• **Exercise description**: Shown below is a listing with pictures; reproduce exactly, and only, the lines between the ones containing "19 Runners Share" and "Bergamont Grandurance RD 5 2021 - Orange", inclusive, leaving the pictures out.

• **Supplied information**:
_____

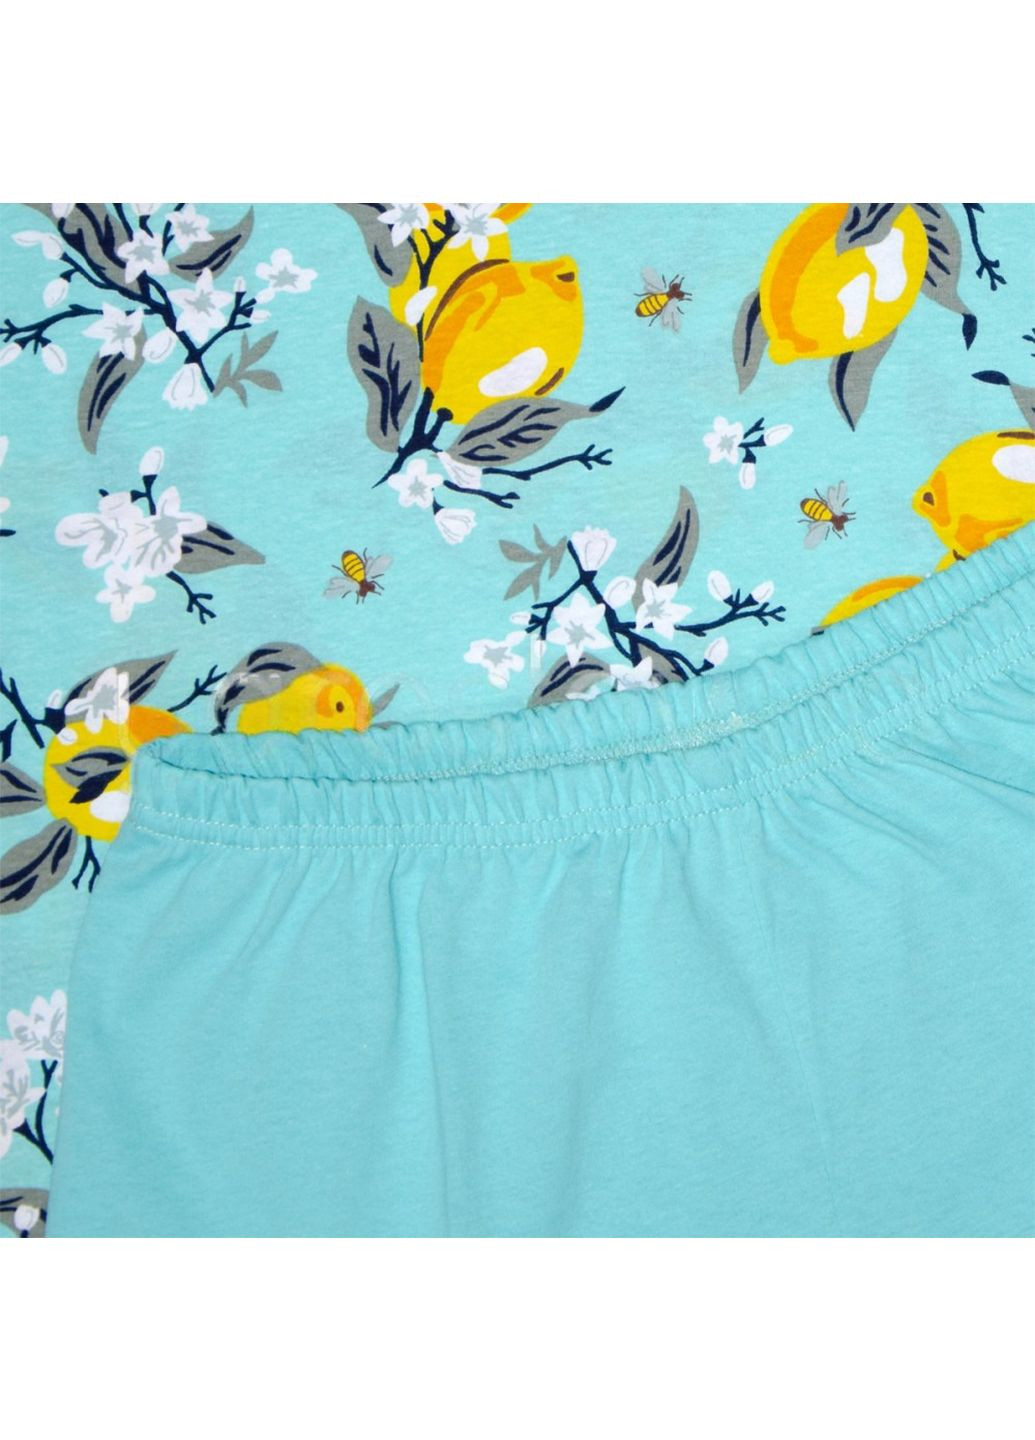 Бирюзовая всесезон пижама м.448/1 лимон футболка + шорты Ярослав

_____

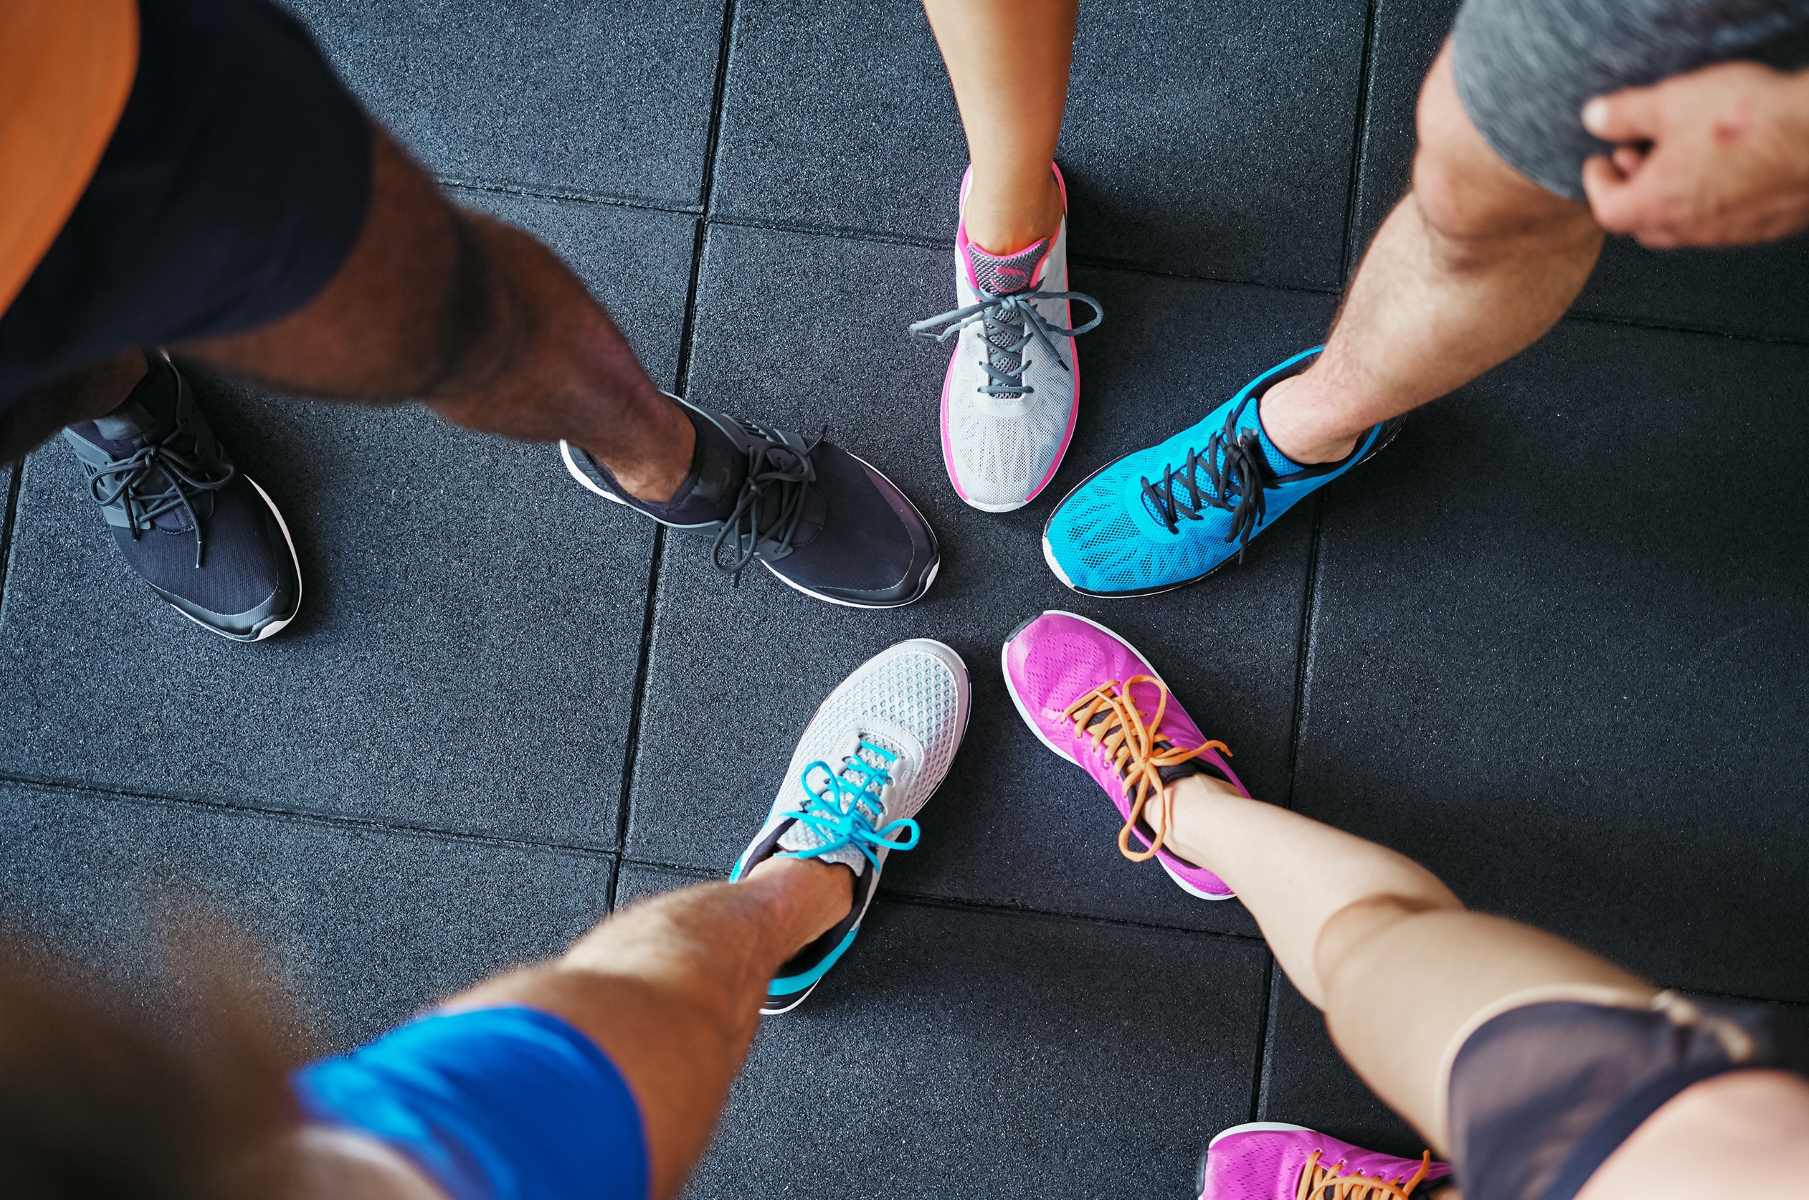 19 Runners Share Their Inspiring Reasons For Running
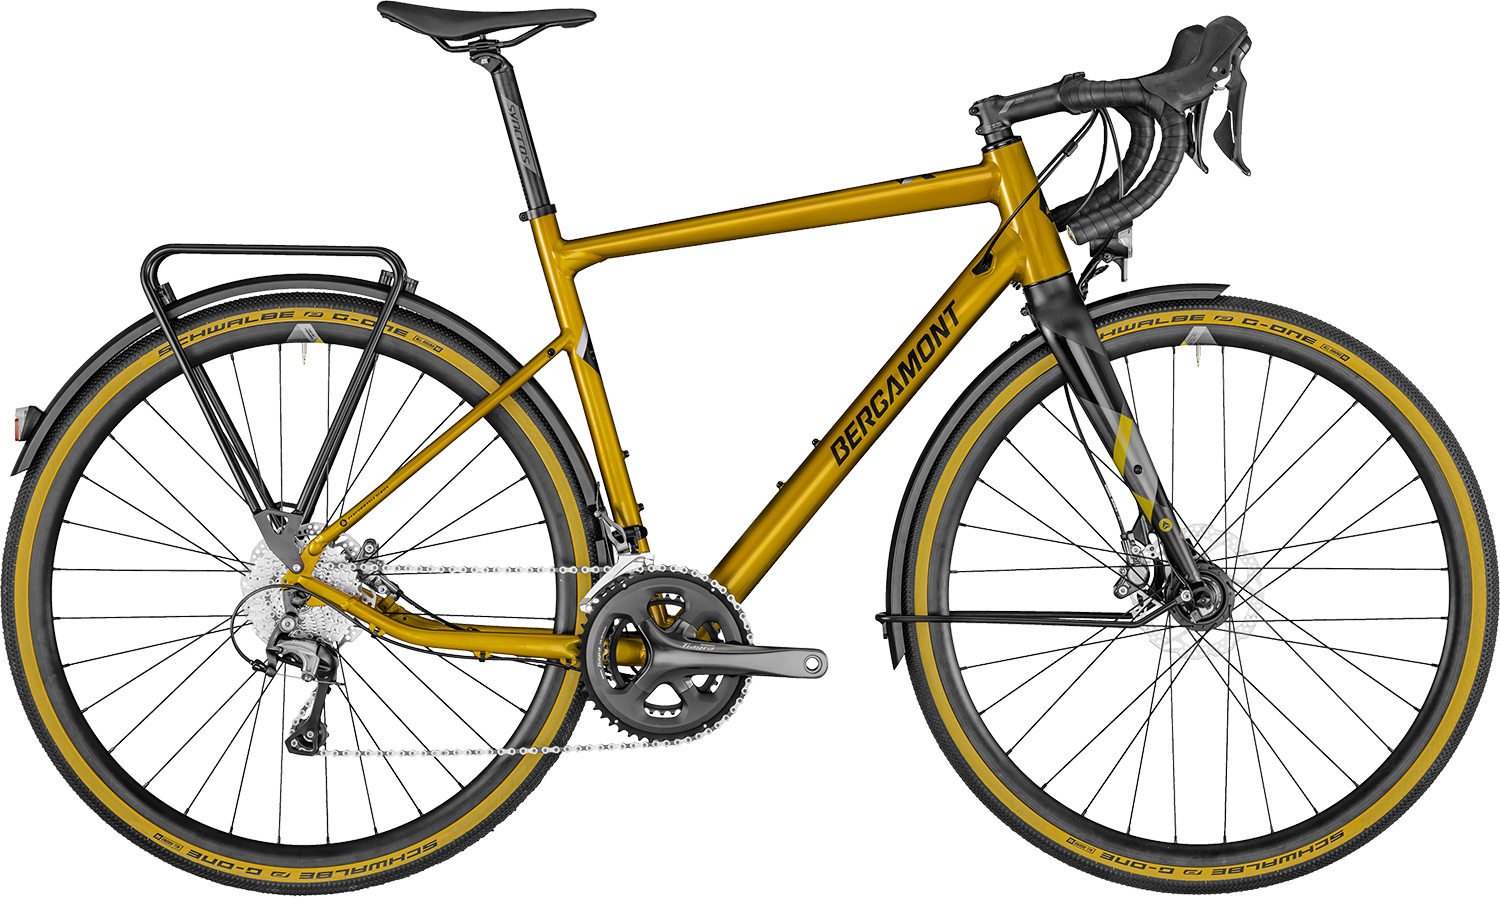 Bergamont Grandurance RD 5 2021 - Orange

_____

• **Expected answer**:
 19 Runners Share Their Inspiring Reasons For Running
 Bergamont Grandurance RD 5 2021 - Orange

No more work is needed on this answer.